# DS Game of the Month - March 07



## shaunj66 (Apr 18, 2007)

*DS Game of the Month - March 2007*

It's time for GotM again! I know I know, calm yourselves! Deeeeep breathes.

There were absolutely loads of releases last month. (So many in fact, I had to adjust the maximum number of allowed poll choices!) Just look at that list. Now, pick your favourite!

So,... *What's your pick for Game of the Month for March 2007?*

The poll will close before the end of the month so get pickin'.

Myself, I was really looking forward to Wario, but it turned out to be a big disappointment, so I'll have to go with Theme Park DS.


----------



## Orc (Apr 18, 2007)

Puzzle Quest! Fucking sleeper. ;-;


----------



## masvill20 (Apr 18, 2007)

I wanted to vote Puzzle Quest, but CRA is more fun...


----------



## FAST6191 (Apr 18, 2007)

Wow I have got to start playing recently released games again, purely as it is the only one I played and is halfway decent Seiken Densetsu: Heroes of Mana. If I had played it custom robo may be there as well.


----------



## TheSpade (Apr 18, 2007)

I found CRA to be rather simple-minded for my tastes.  Puzzle Quest is the winner this month in my opinion.


----------



## Hadrian (Apr 18, 2007)

Puzzle Quest all the way, still playing it now.

Theme Park and Quickspot were great fun and I can see myself going back to them in the future

Garfield Nightmare and Bubble Bobble were a nice diversions but they  didnt really set the world alight..

Custom Robo, Wario, Rayman Rabbids, Spectrobes were all massive dissapointments for me all of which were mediocre 
	

	
	
		
		

		
			





I hope Front Mission 1st comes out in English soon.

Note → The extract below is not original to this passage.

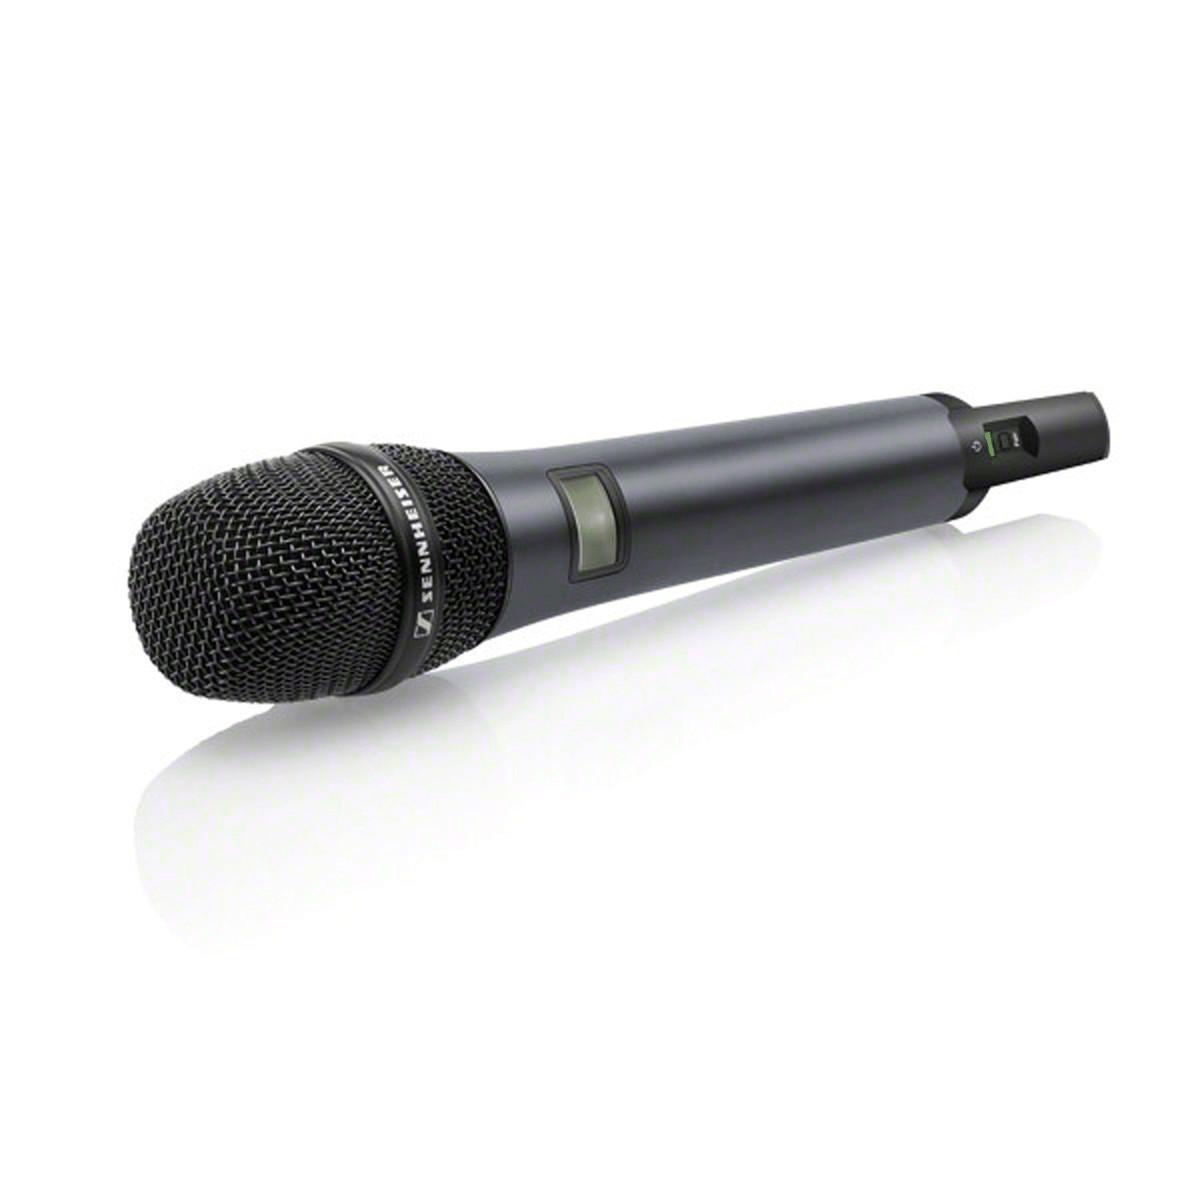 sennheiser ew d1 935 digital wireless handheld microphone system at gear4music. Black Bedroom Furniture Sets. Home Design Ideas

I also think TMNT GBA deserves a mention, a nice little arcade fighter.


----------



## jalaneme (Apr 18, 2007)

Quickspot, Theme park DS and Wario: Master of Disguise is the only games i enjoyed on that list.


----------



## Gestahl (Apr 18, 2007)

Puzzle Quest, no doubt. Although the gameplay could be more polished (for example, they could invent more interesting stuff to do between fights and make leveling mounts and researching spells and capturing cities really necessary) but still it's a very good effort. Couldn't play anything else until I beat this one. 
	

	
	
		
		

		
		
	


	




On a side note, it would be awesome if administrators made a poll at the end of the year for the DS GOTY, and we would choose between all the games of the month.


----------



## The__B (Apr 18, 2007)

Wiffle ball FTW !!!1111

( didn't play any of the games so i chose wiffle ball since nobody else will vote for it ;P )


----------



## iamwhoiam (Apr 18, 2007)

quickspot and CRA


----------



## fishsticks (Apr 18, 2007)

Puzzle Quest. I'm obsessed enough to have beat all the quests... but I'll probably continue playing with the learning skills etc.


----------



## [M]artin (Apr 18, 2007)

Puzzle Quest.

(Although I must admit, the PSP version is slightly better. Cripser and sharper, the PSP version is the only one I play now...)


----------



## Jdbye (Apr 18, 2007)

Didn't play any of the games, so i didn't vote. 
	

	
	
		
		

		
		
	


	



EDIT: I like Bubble Bobble *votes* 
	

	
	
		
		

		
		
	


	



EDIT2: 4 votes for Wiffle Ball


----------



## thegame07 (Apr 18, 2007)

Theme park 
	

	
	
		
		

		
		
	


	




 It brought back memories playing this on the ds.


----------



## spokenrope (Apr 18, 2007)

Anybody who doesn't vote Puzzle Quest is a Communist.

There.  I said it.


----------



## T-hug (Apr 18, 2007)

I voted for Heores of Mana. I think the GBA release of TMNT was the game of the month!  Its kind of like river city ransom with a TMNT theme.
Gonna try puzzle quest out on the new G6, I must of missed the rls altogether!


----------



## spokenrope (Apr 18, 2007)

QUOTE(Thug4L1f3 @ Apr 18 2007 said:


> I voted for Heores of Mana. I think the GBA release of TMNT was the game of the month!Â Its kind of like river city ransom with a TMNT theme.
> Gonna try puzzle quest out on the new G6, I must of missed the rls altogether!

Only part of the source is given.